§ WHAT THIS TASK INVOLVES
Return the listing below unchanged, except that the pictures are dropped.
--- DATA BELOW ---
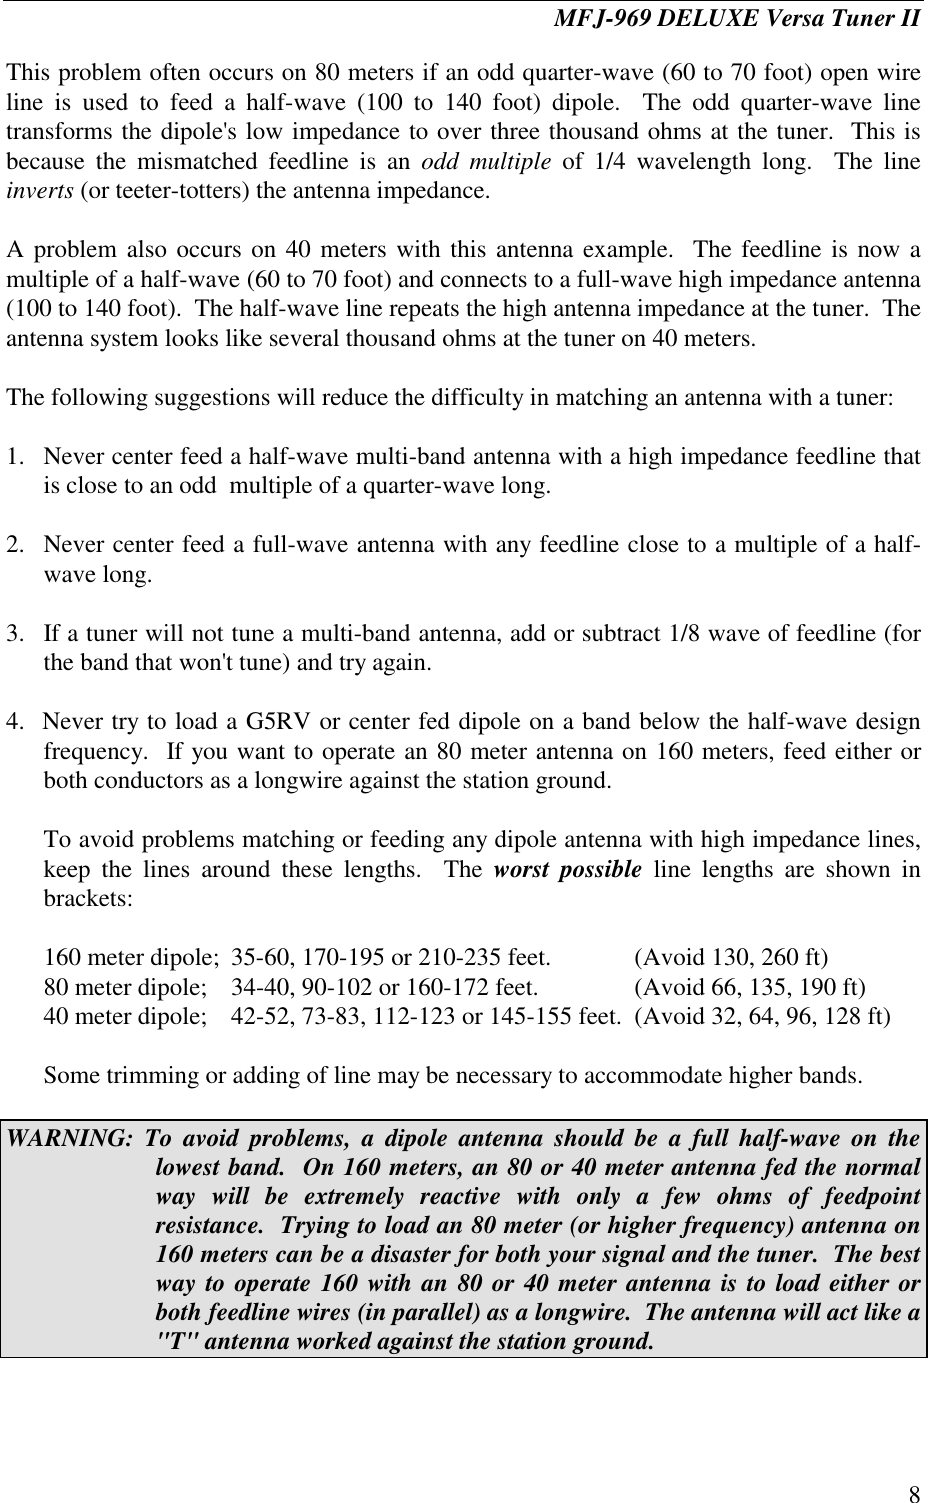 Page 8 of 10 - MFJ-969 Deluxe Versa Tuner II MFJ--969--Antenna Tuner-Manual
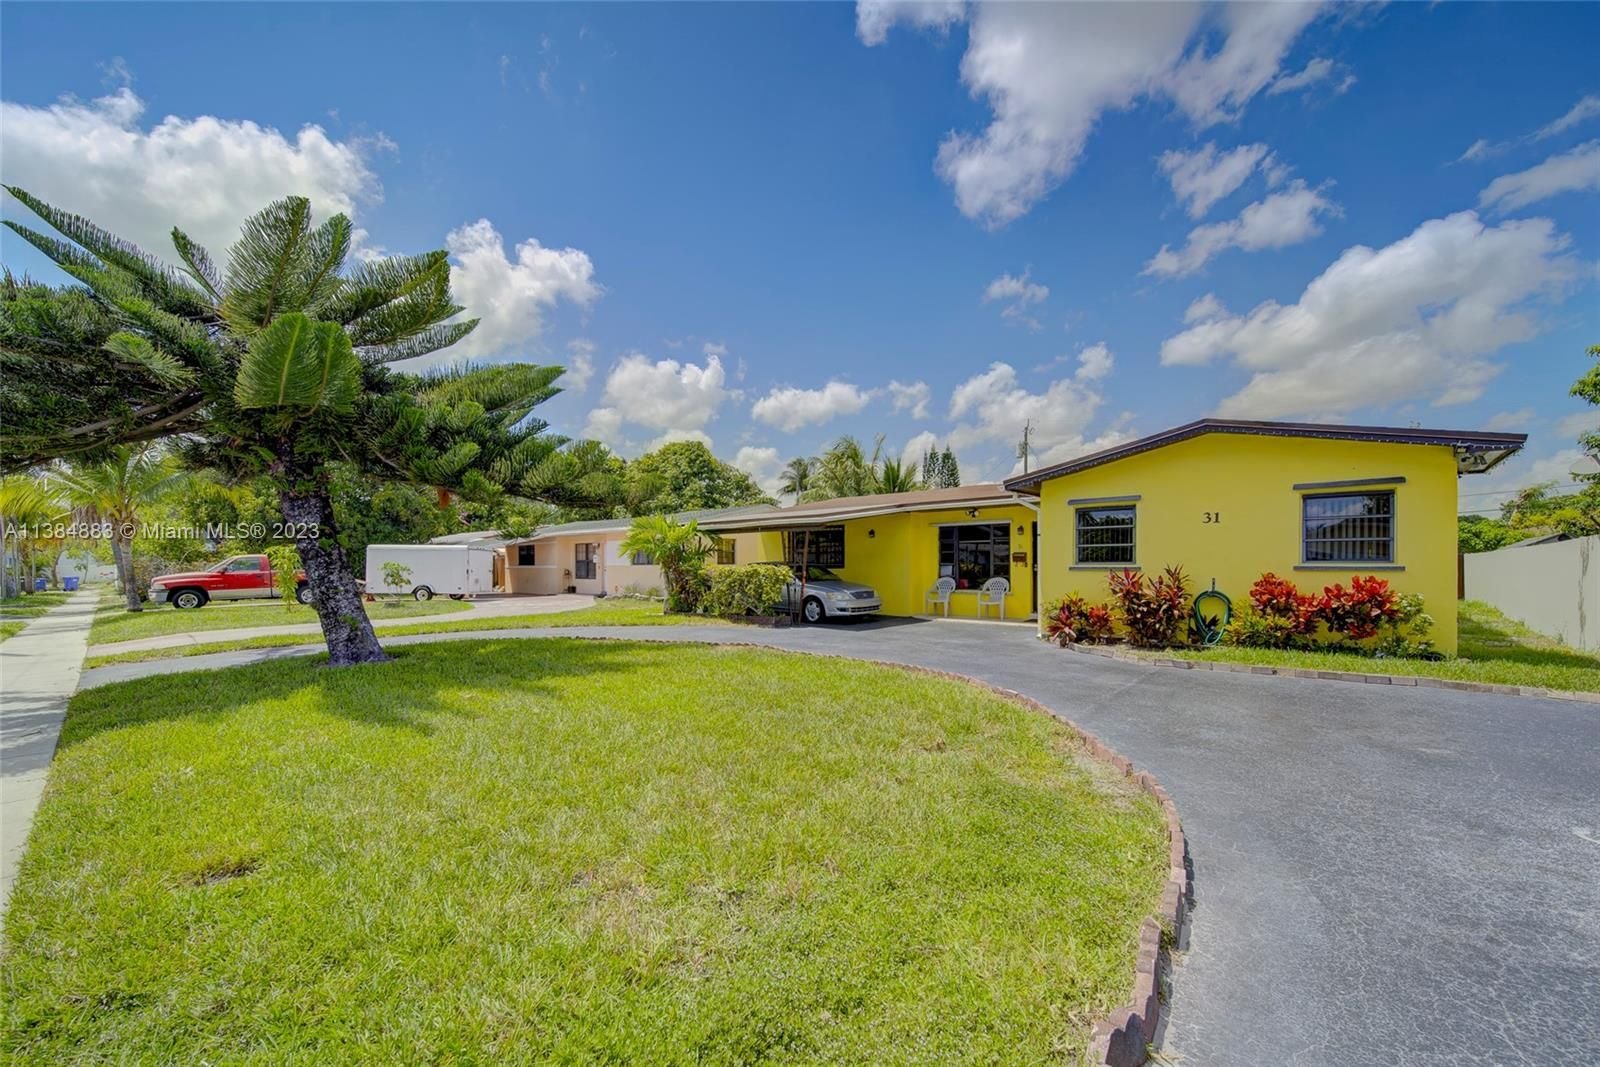 Real estate property located at 31 170th St, Miami-Dade County, North Miami Beach, FL
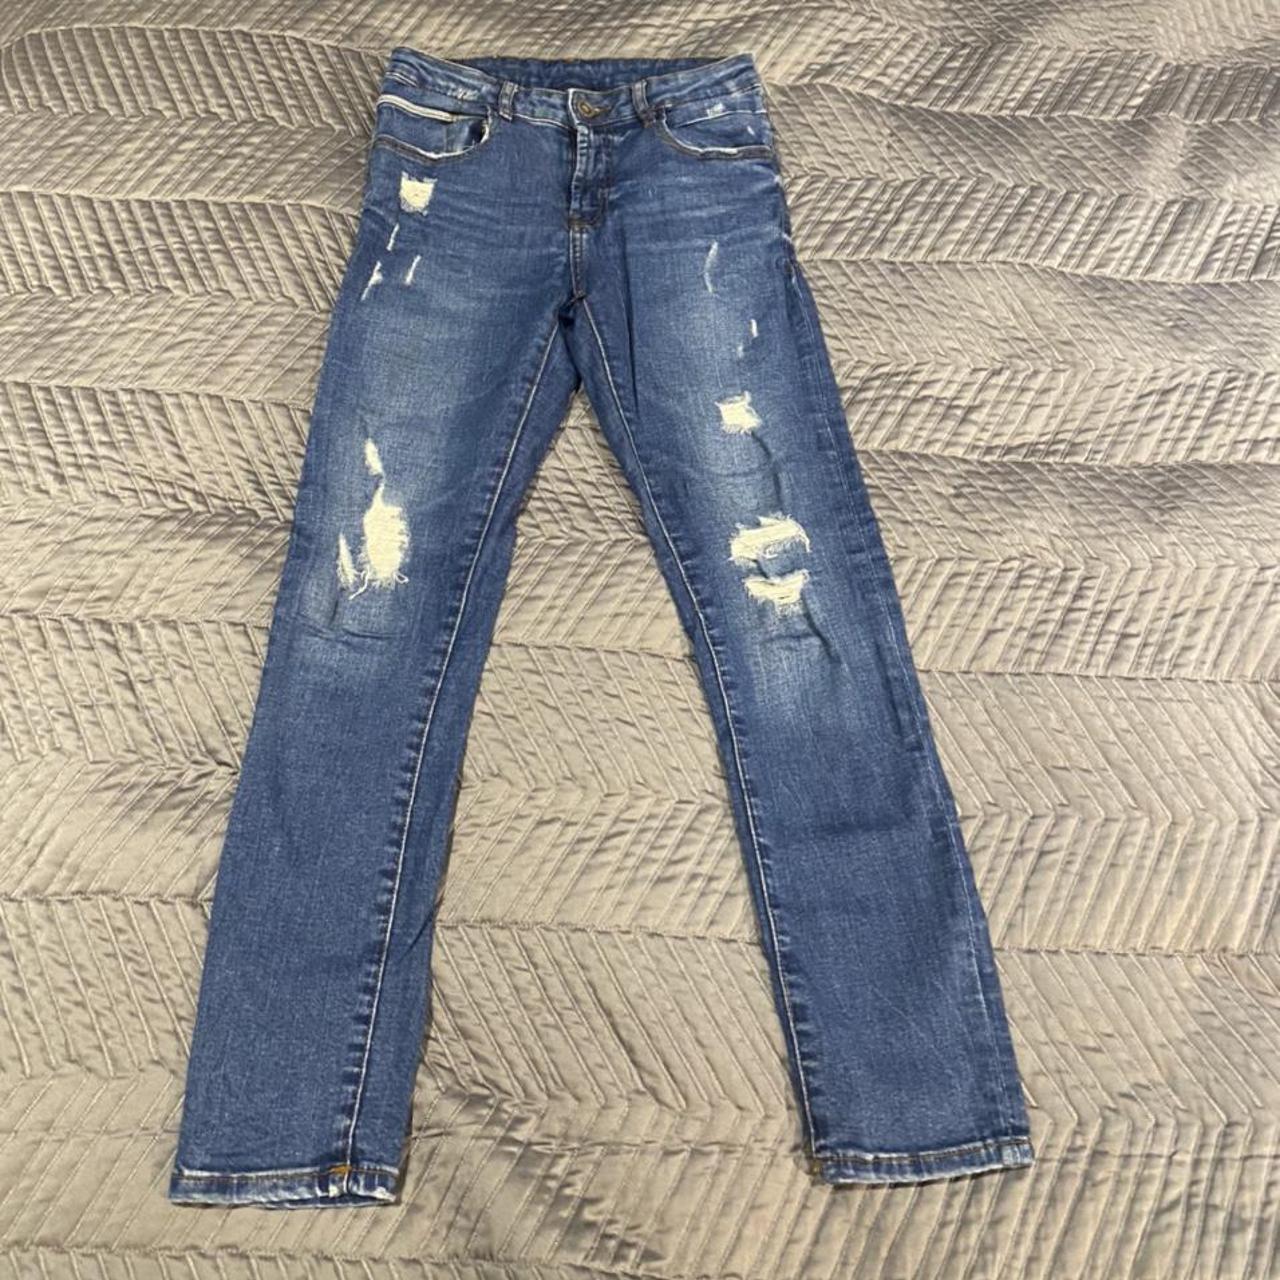 Zara Lower rise ripped jeans size 6 U.K. worn quite... - Depop
---
§ SOLUTION TO THIS PROBLEM
 Page 8 of 10 - MFJ-969 Deluxe Versa Tuner II MFJ--969--Antenna Tuner-Manual
 Real estate property located at 31 170th St, Miami-Dade County, North Miami Beach, FL
 Zara Lower rise ripped jeans size 6 U.K. worn quite... - Depop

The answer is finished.